II. Summary Judgment Standard
Summary judgment shall be granted when "there is no genuine dispute as to any material fact and the movant is entitled to judgment as a matter of law." Fed.R.Civ.P. 56(a). When making such a determination, the Court must construe the evidence and make all reasonable inferences in favor of the non-moving party. See Anderson v. Liberty Lobby, Inc., 477 U.S. 242, 247 (1986). Summary judgment is appropriate, however, when the non-moving party "fails to make a showing sufficient to establish the existence of an element essential to the party's case, and on which that party will bear the burden of proof at trial." Celotex Corp. v. Catrett, 477 U.S. 317, 322 (1986). "A genuine issue of material fact arises only if sufficient evidence favoring the nonmoving party exists to permit a jury to return a verdict for that party." Brummett v.
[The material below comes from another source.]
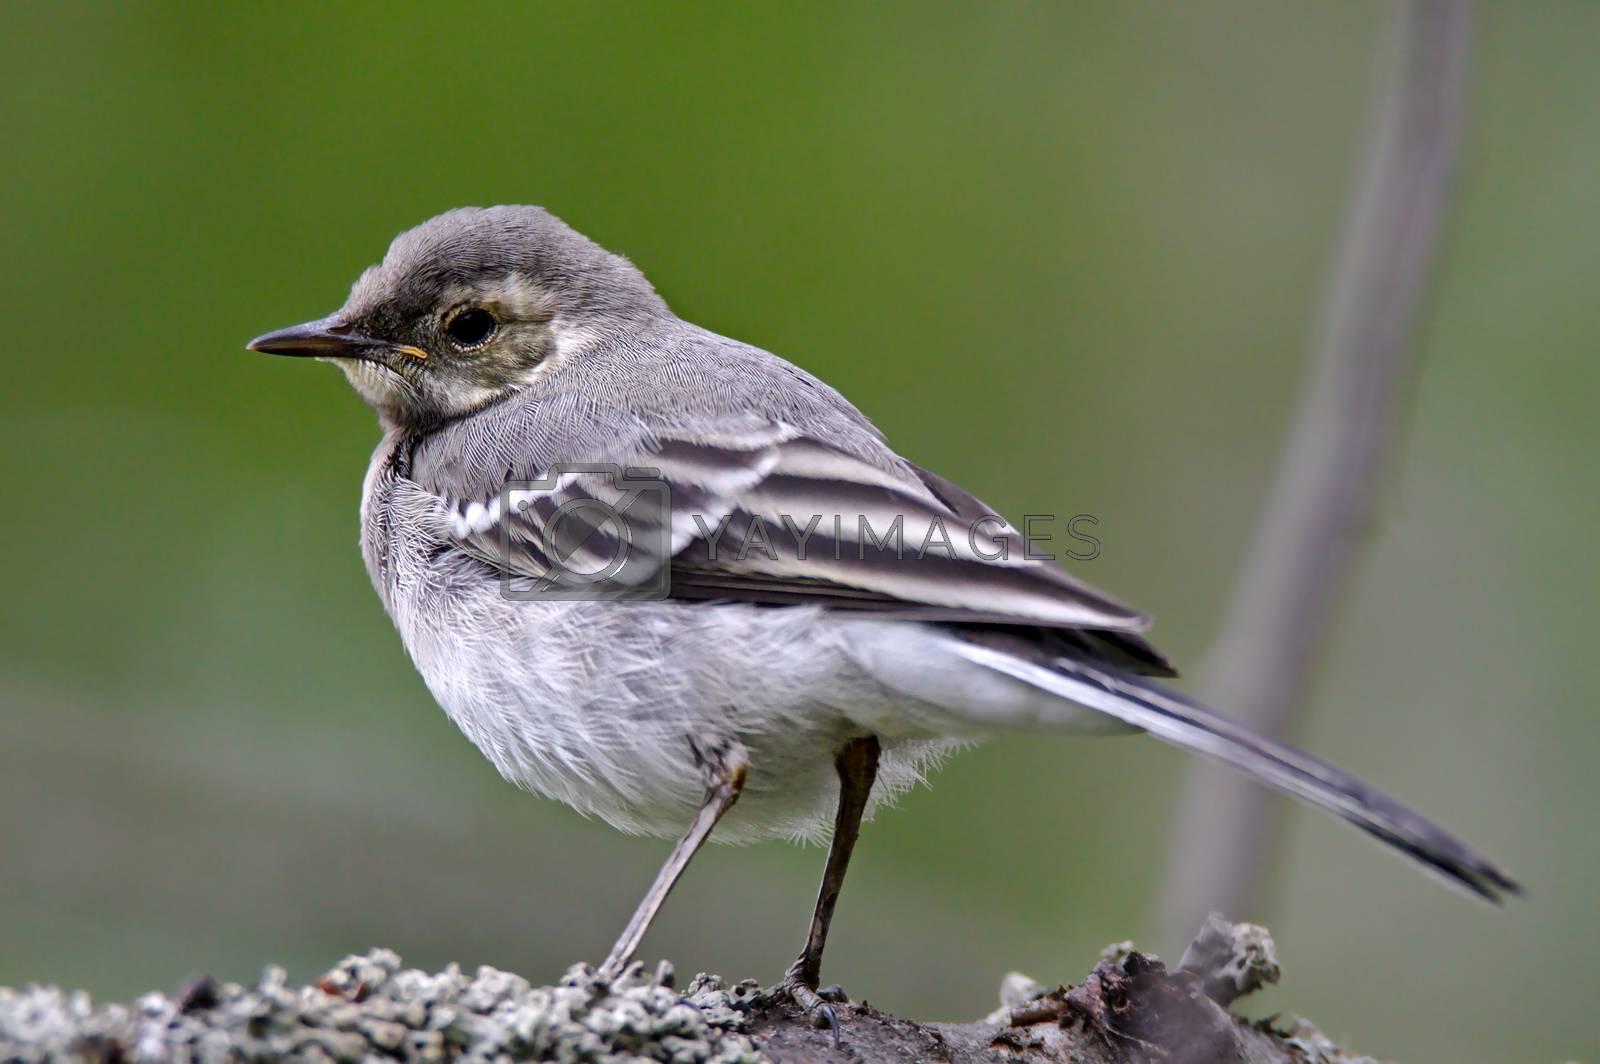 Small grey urban bird sitting on the branch.

Sinclair Broadcast Group, Inc., 414 F.3d 686, 692 (7th Cir. 2005).
Lomec seeks relief under the Federal Tort Claims Act ("FTCA") and claims that Forero was negligent in hitting Lomec with the car Forero was driving. The Federal Tort Claims Act is a limited waiver of the federal government's sovereignty. Luna v. United States, 454 F.3d 631, 634 (7th Cir. 2006). Under the FTCA, the United States is liable "for personal injuries as a result of its negligence to the same extent that a private person would be liable under the law of the place where the negligence occurred." Luna, 454 F.3d at 634 (citing 28 U.S.C. § 1346(b)(1)).
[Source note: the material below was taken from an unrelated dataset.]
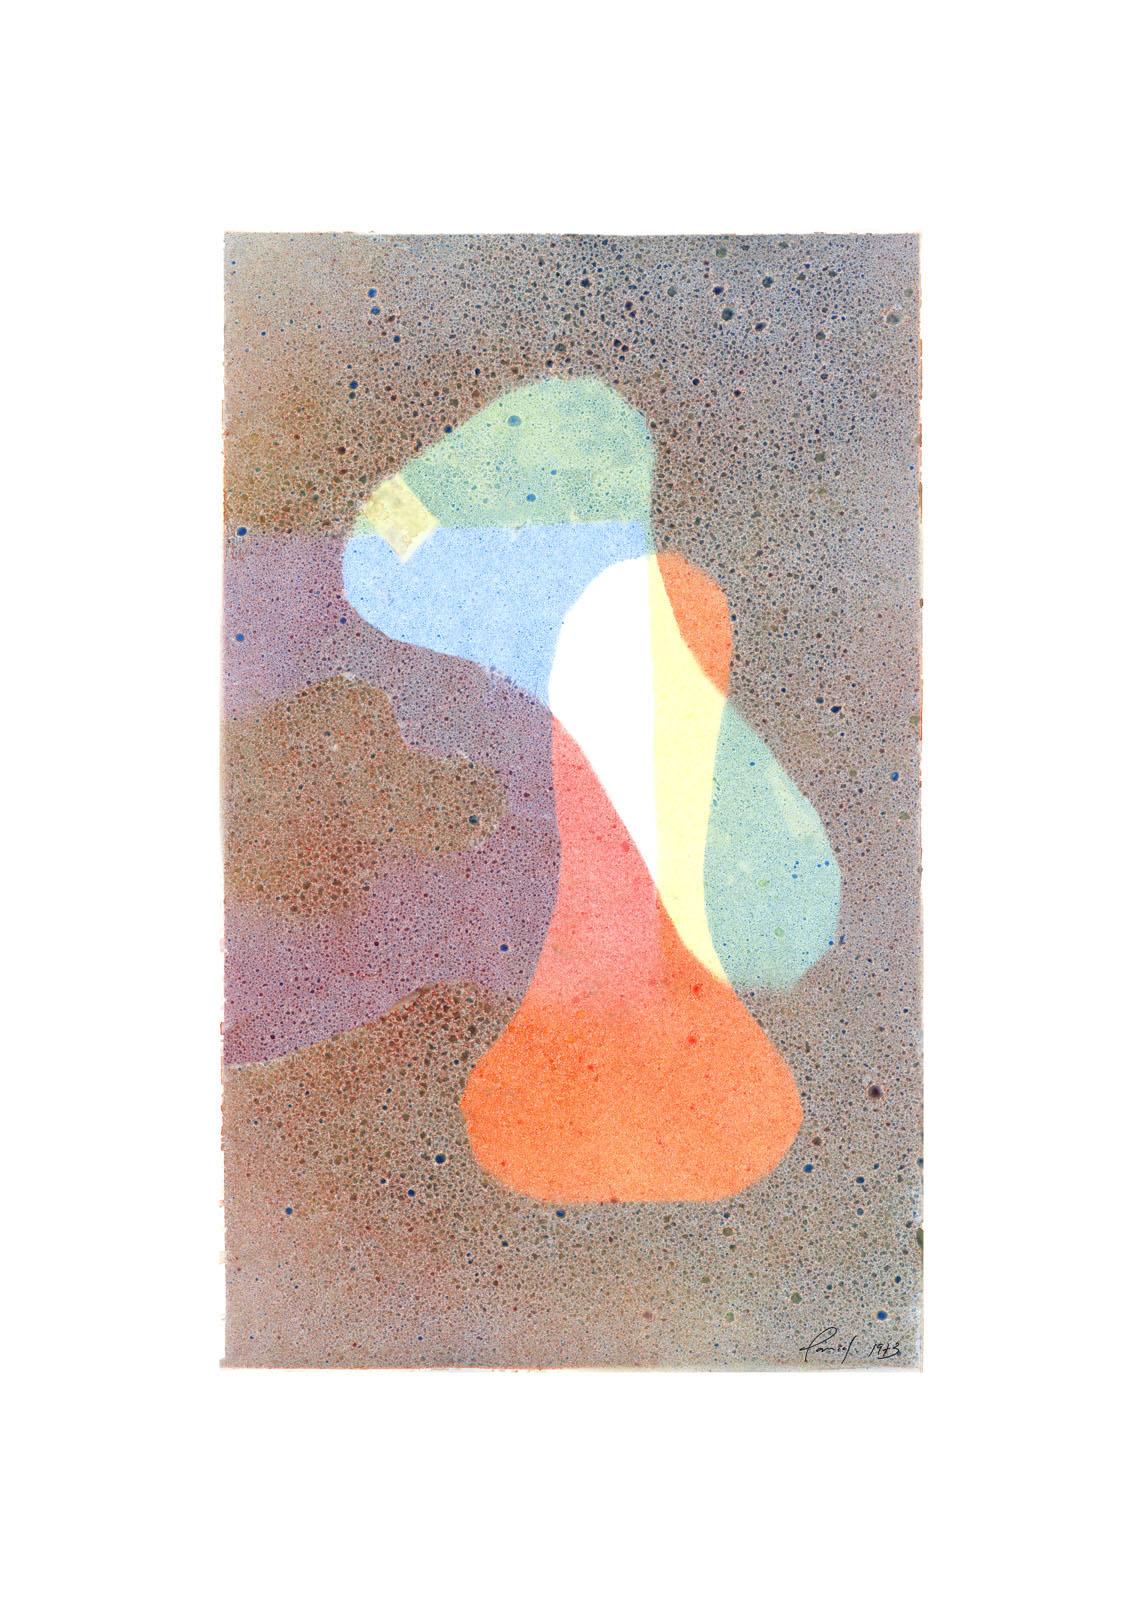 panies-danielvillalobos-spanish-painting-abstract-19

The defendant seeks summary judgment on the basis of its affirmative defense. Specifically, defendant argues that Lomec is barred from recovering damages, because he is more than 50% responsible for the accident. Under Illinois law, a plaintiff is "barred from recovering damages if the trier of fact finds that the contributory fault on the part of the plaintiff is more than 50% of the proximate cause of the injury or damage for which recovery is sought." 735 ILCS 5/2-1116(c) (emphasis added).
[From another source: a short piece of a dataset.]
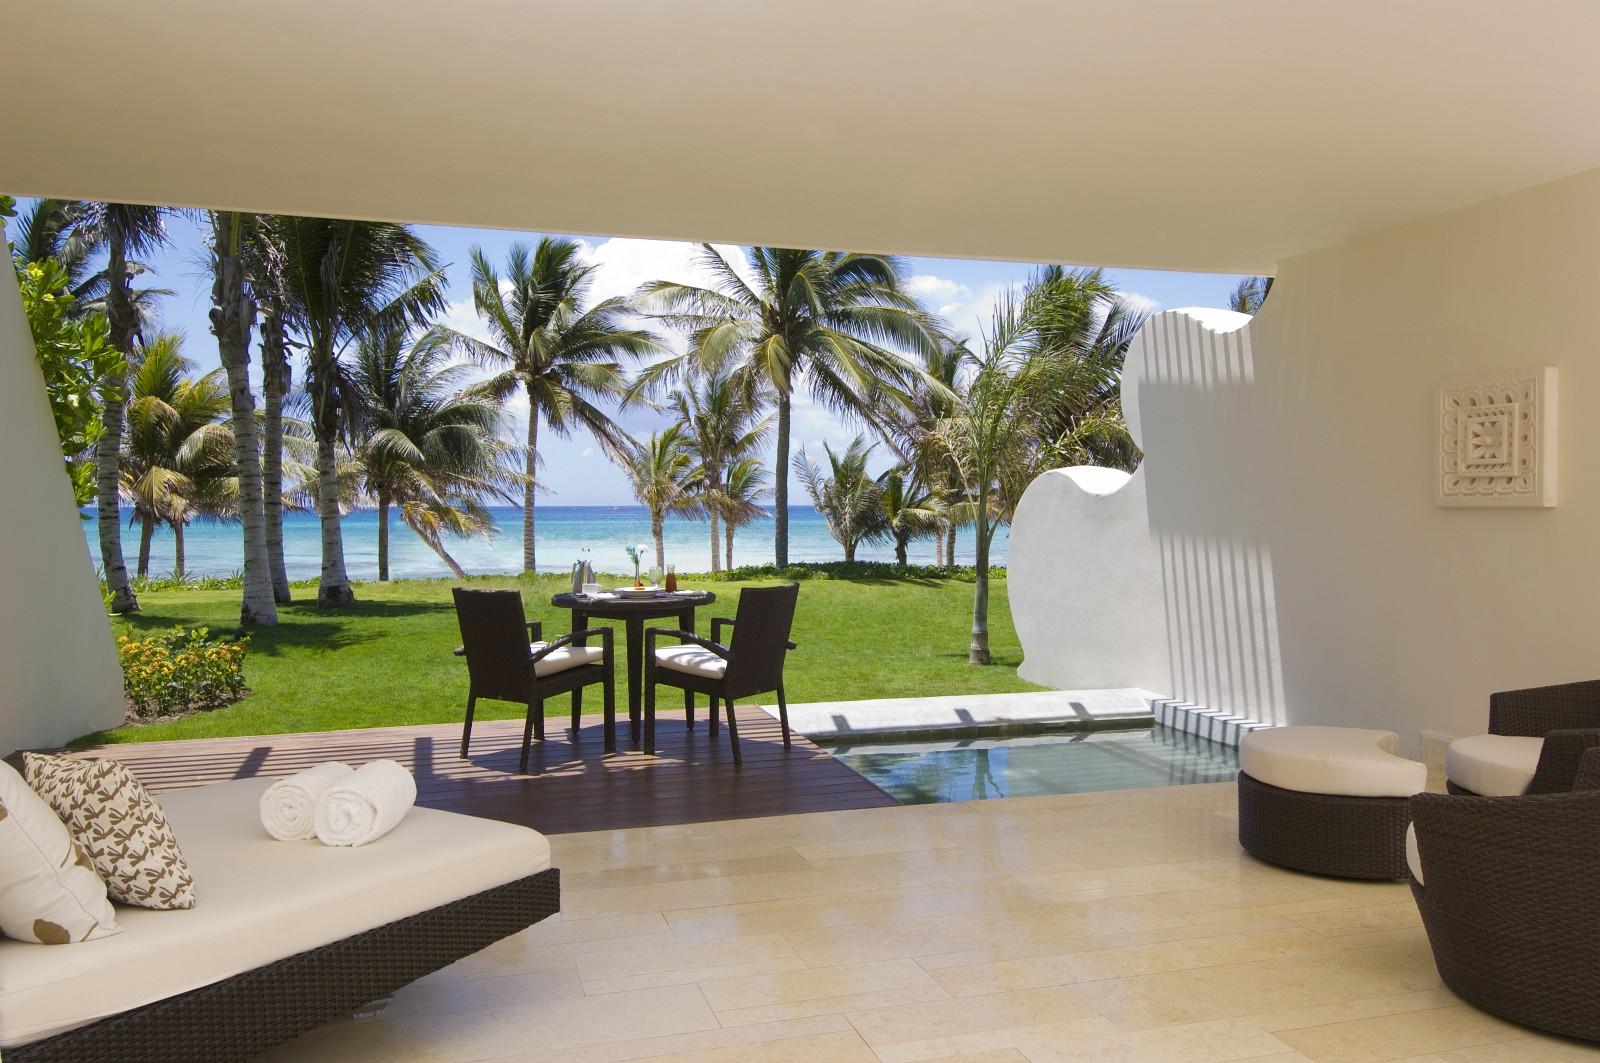 Travel Agency All-Inclusive Resort Grand Velas Riviera Maya 037

As is clear from the plain language of the statute, the apportionment of negligence is generally an issue of fact. See Merca v. Rhodes, 960 N.E.2d 85, 98 (1st Dist. 2011) ("Illinois law has usually dictated that the percentage of negligence that attaches to a pedestrian's negligence is a question of fact."). Contributory negligence "becomes a question of law appropriate for summary judgment only when all reasonable minds would agree that the evidence and reasonable inferences therefrom, viewed in a light most favorable to the nonmoving party, so overwhelmingly favors the movant that no contrary verdict based on that evidence could ever stand.'" DeMyrick v. Guest Quarters Suite Hotels, 944 F.Supp. 661, 667 (N.D. Ill. 1996) (quoting West v. Kirkham, 207 Ill.App.3d 954, 958 (4th Dist. 1991)).
Here, the evidence is not so one-sided as to warrant summary judgment. Plaintiff has put forth evidence that he exercised some care. Specifically, Lomec put forth his own testimony that he looked both ways and saw no cars before proceeding into the intersection. The apportionment of negligence in this case is an issue of fact for the trier of fact. Accordingly, defendant's motion for summary judgment is denied.
For the reasons set forth above, the Court denies defendant's motion for summary judgment.